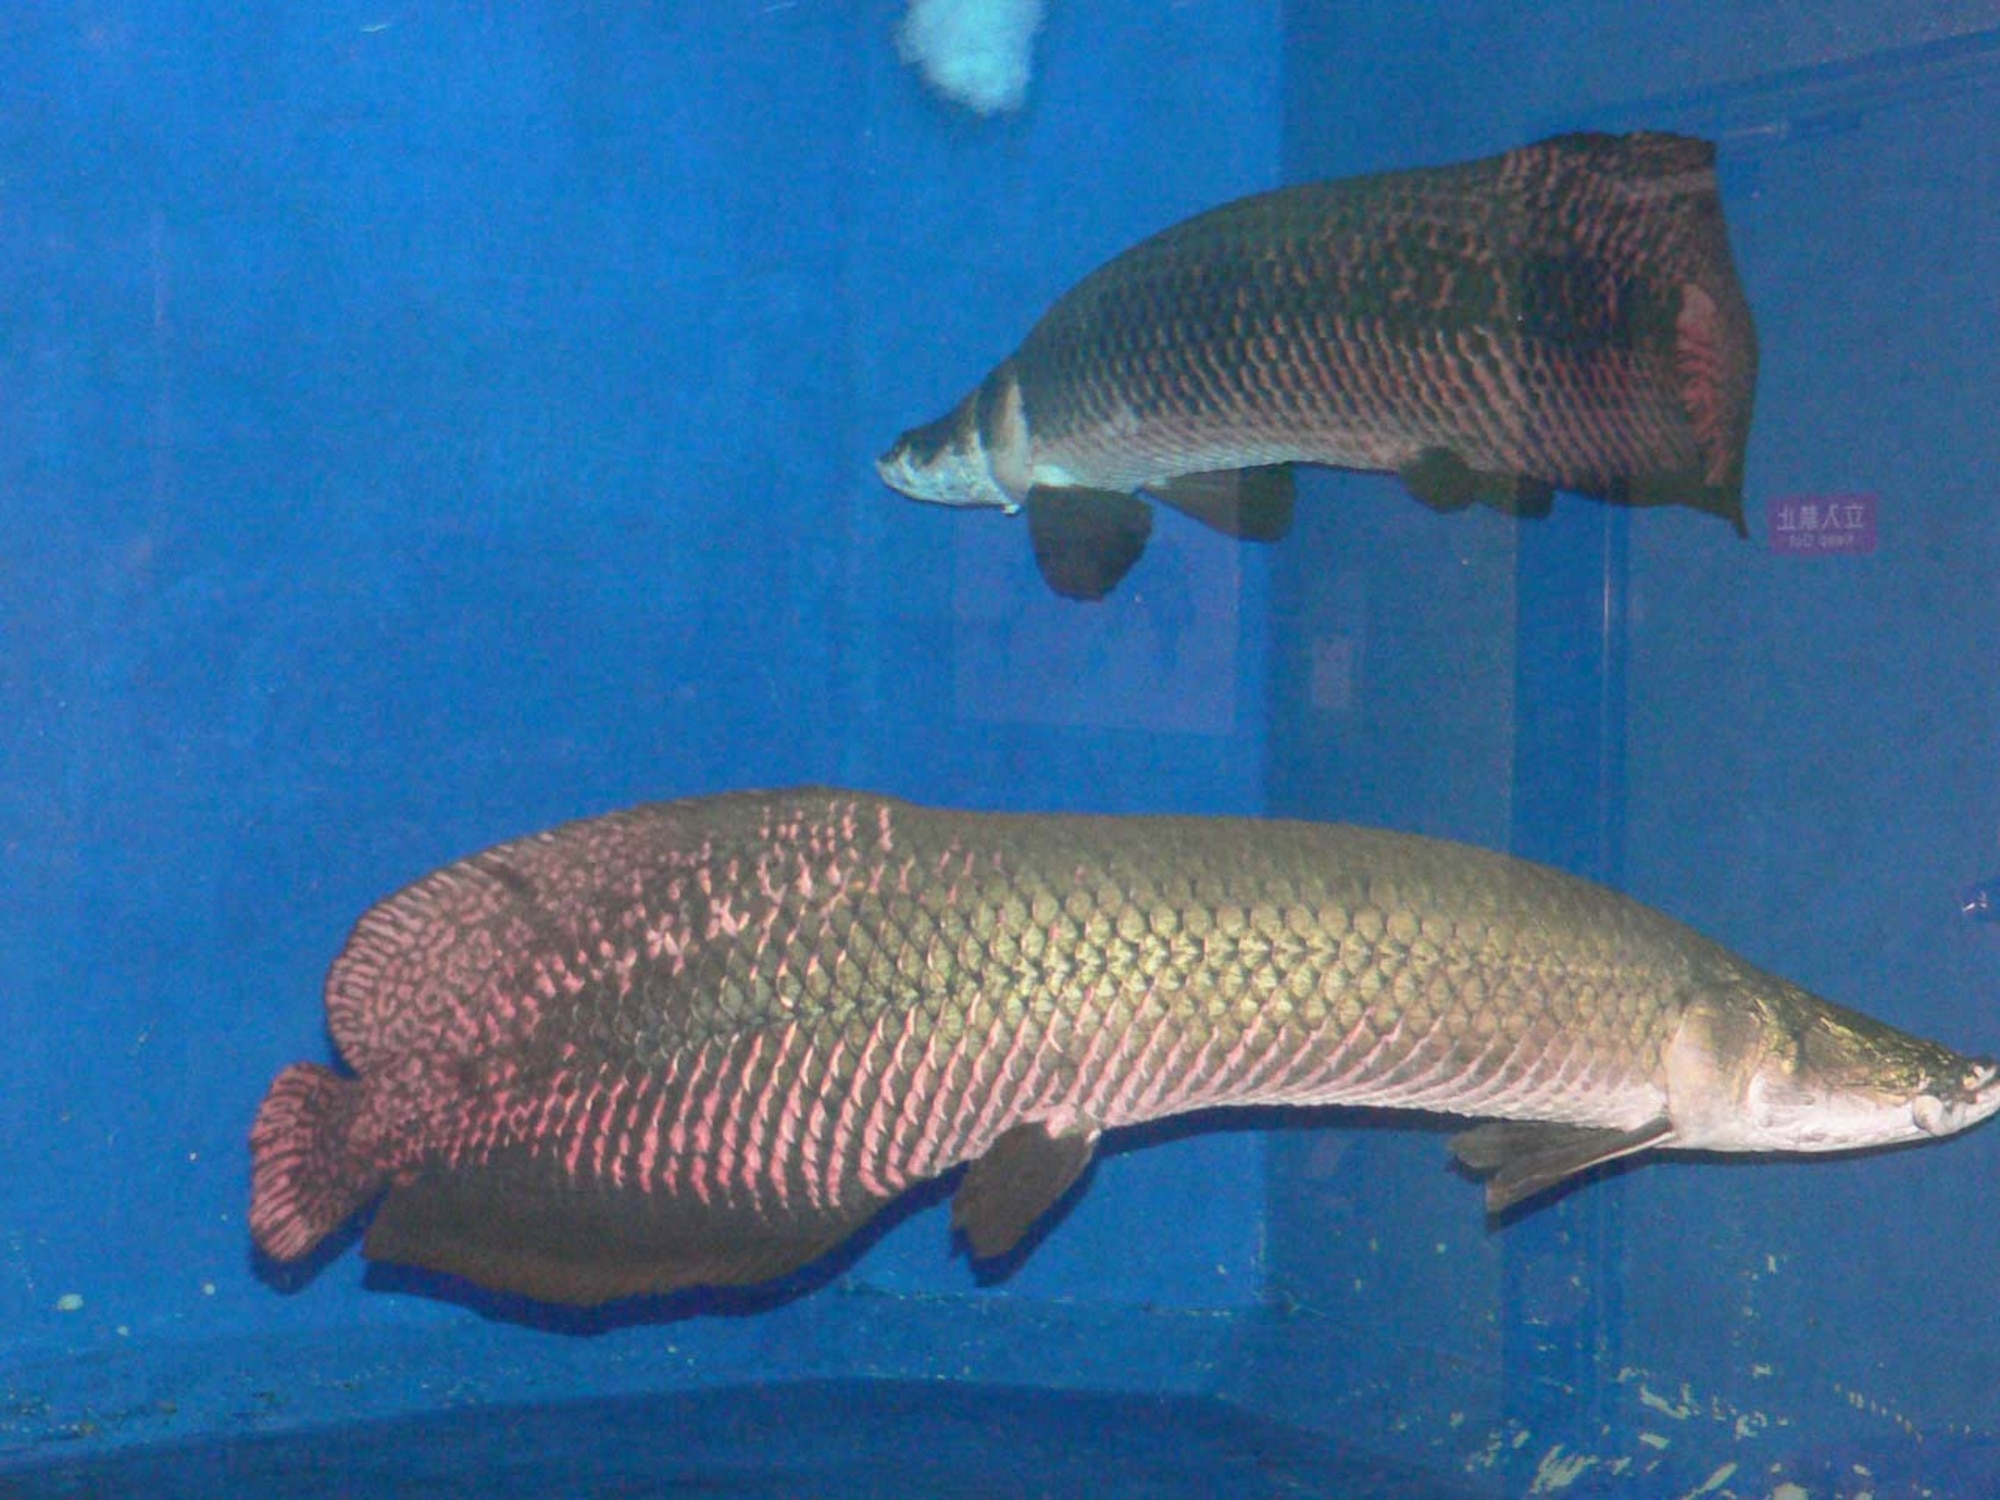 070306 -- AOMORI, Japan -- Two Pirarucu, one of the largest freshwater fish in the world can be found in the waters of the Amazon in South America. It can grow up to 10 feet long and weighs around 400 pounds. These fish can be seen on the second floor of the  the Aquarium Asamushi. The aquarium is approximately 90 minutes by car or bus from Misawa Air Base, Japan. (U.S. Air Force photo by Staff Sgt. A.C. Eggman)
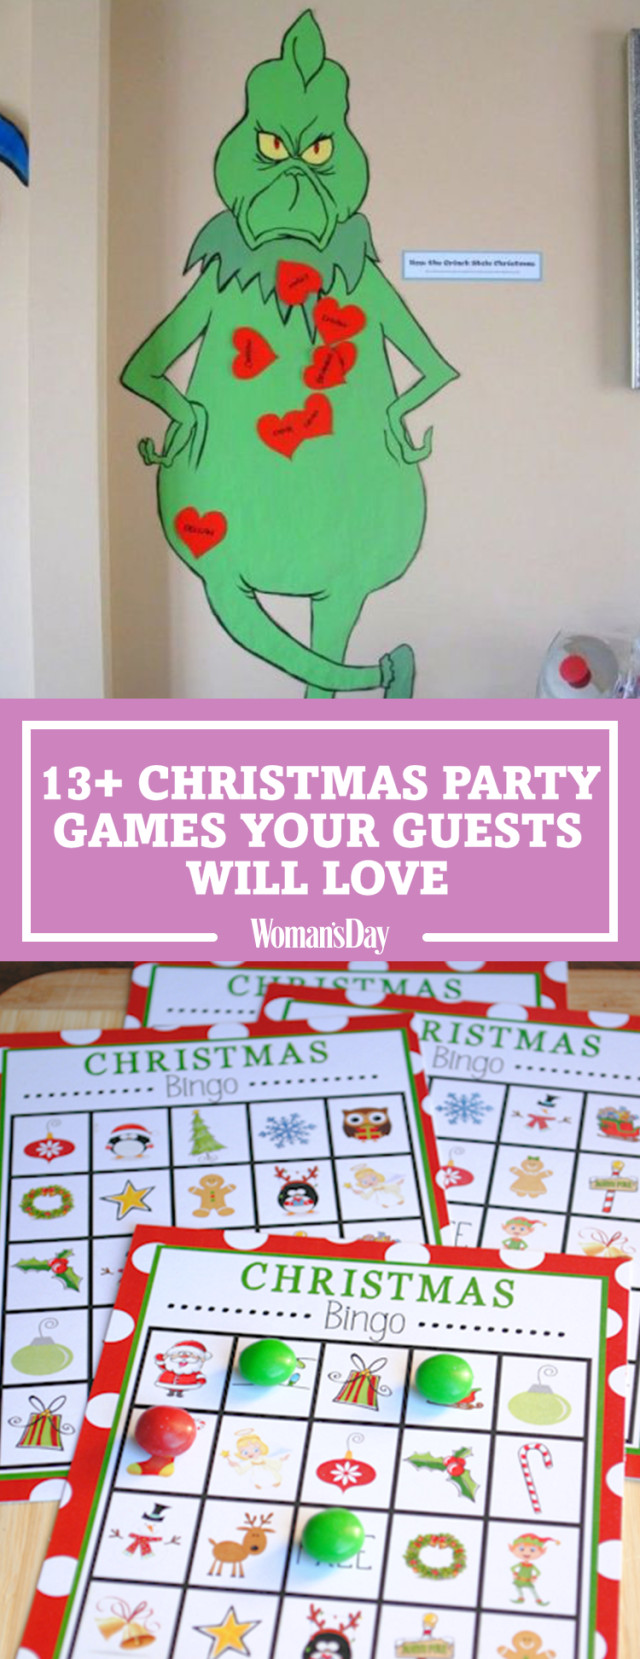 Enjoyable Office Christmas Party Games Ideas
 The ly Christmas Games You ll Need for Your Next Holiday
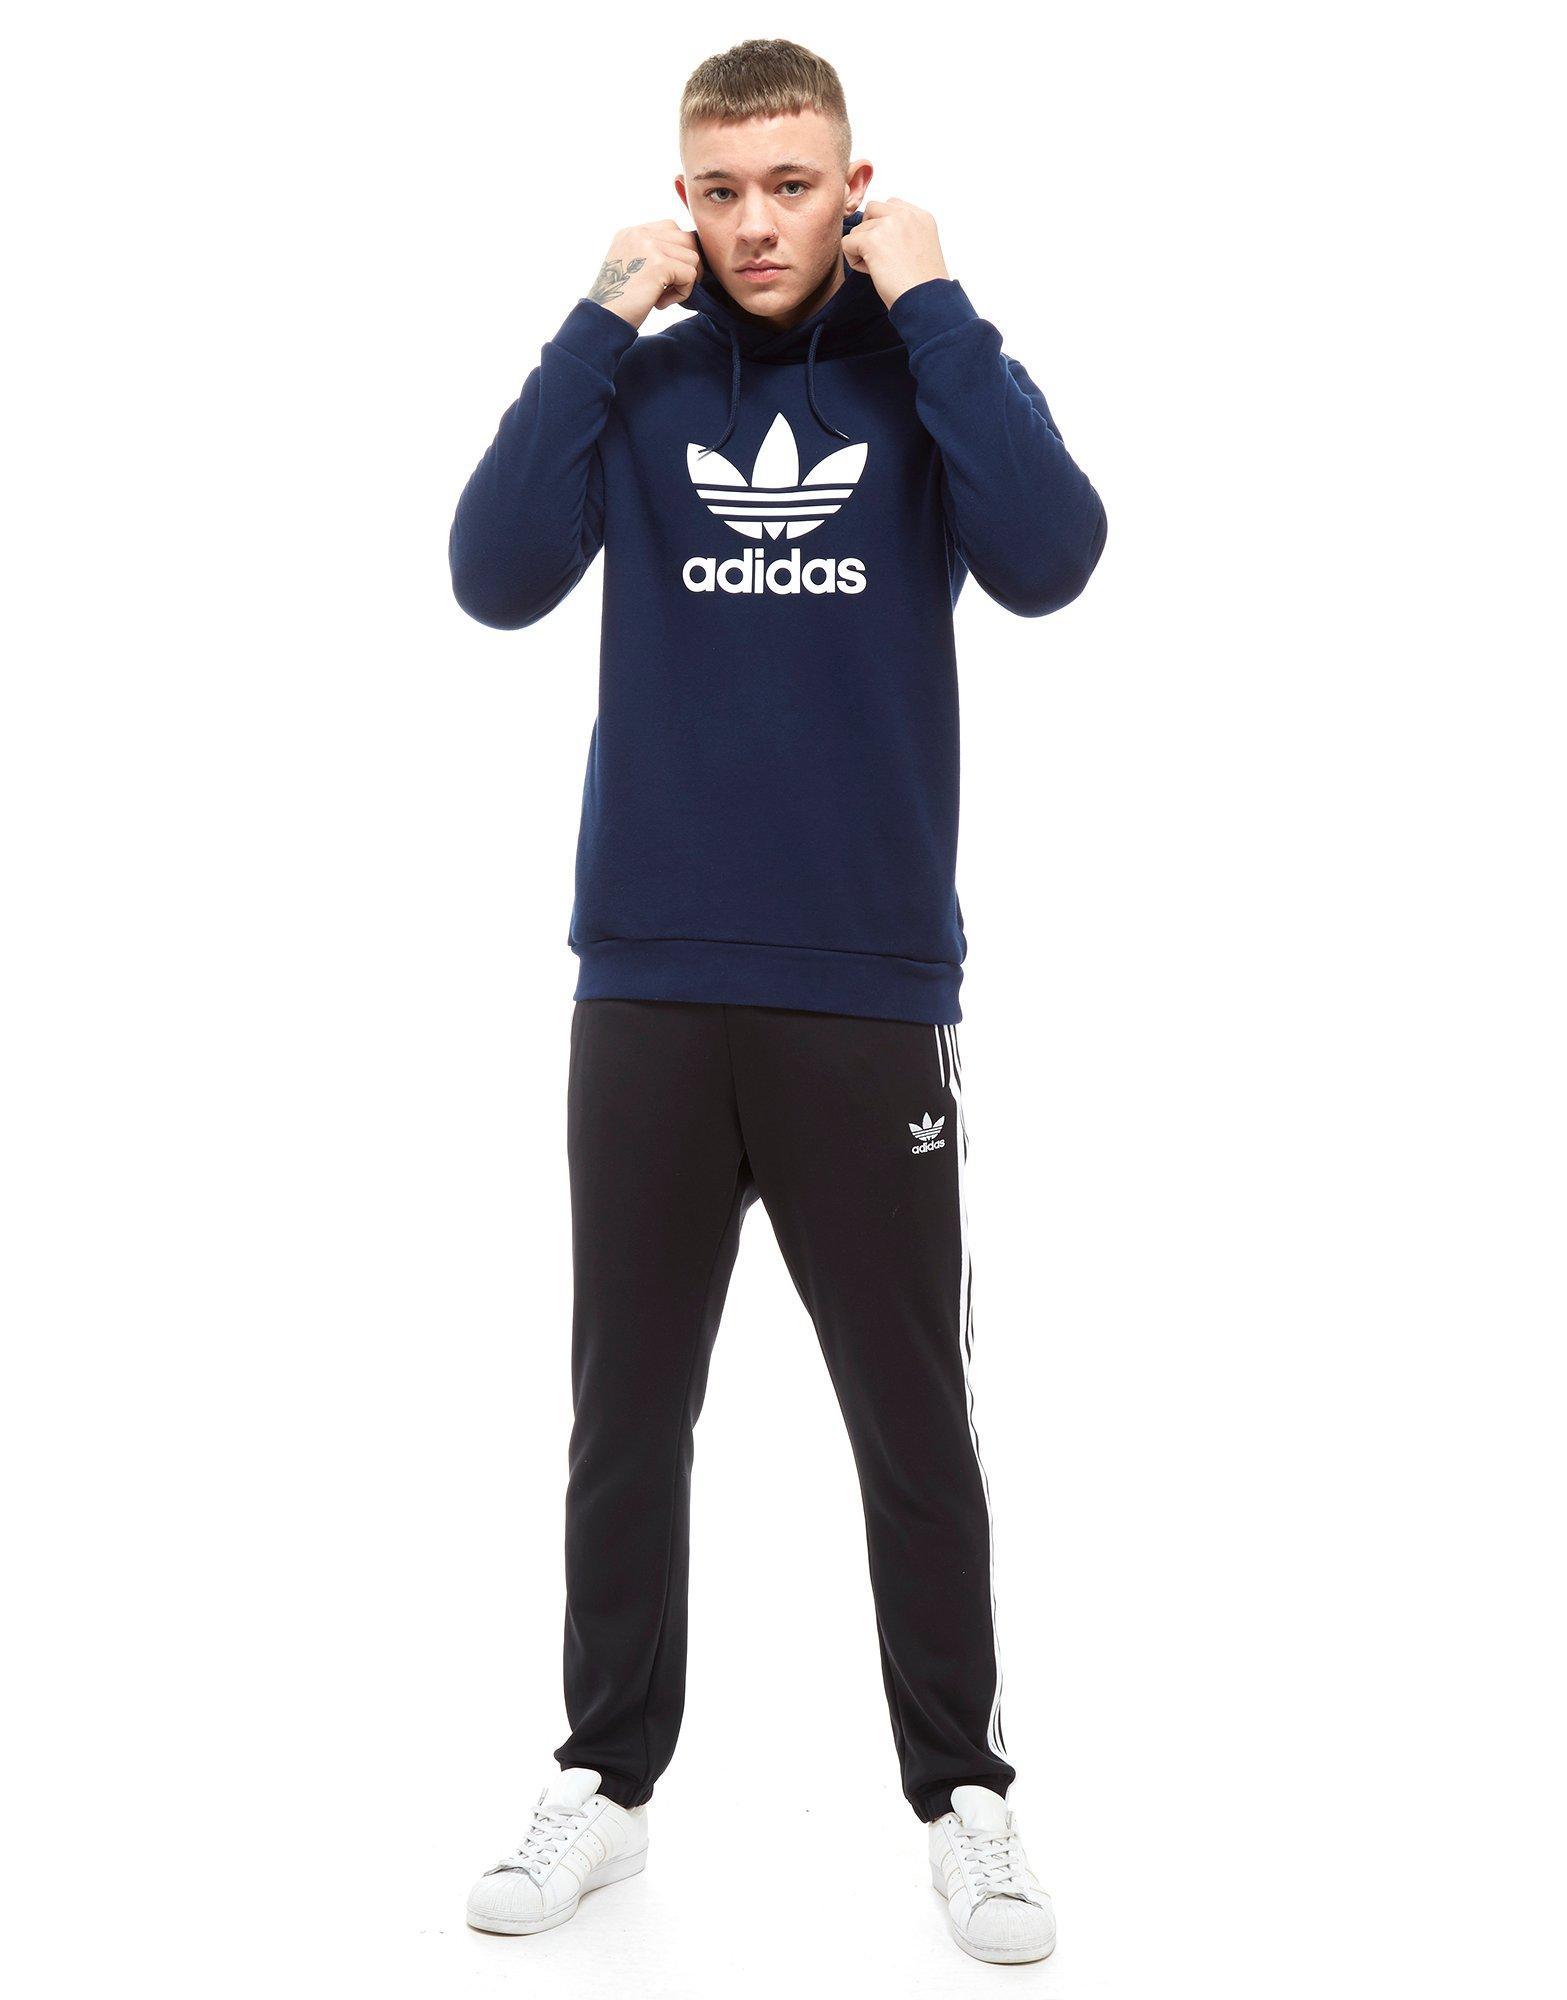 adidas Originals Cotton Trefoil State Overhead Hoody in Blue/White (Blue)  for Men - Lyst

TASK GOAL =>
Please write out all of the data verbatim, with no pictures in the copy.

SOLUTION TO THIS PROBLEM =>
 070306 -- AOMORI, Japan -- Two Pirarucu, one of the largest freshwater fish in the world can be found in the waters of the Amazon in South America. It can grow up to 10 feet long and weighs around 400 pounds. These fish can be seen on the second floor of the  the Aquarium Asamushi. The aquarium is approximately 90 minutes by car or bus from Misawa Air Base, Japan. (U.S. Air Force photo by Staff Sgt. A.C. Eggman)
 Enjoyable Office Christmas Party Games Ideas
 The ly Christmas Games You ll Need for Your Next Holiday
 adidas Originals Cotton Trefoil State Overhead Hoody in Blue/White (Blue)  for Men - Lyst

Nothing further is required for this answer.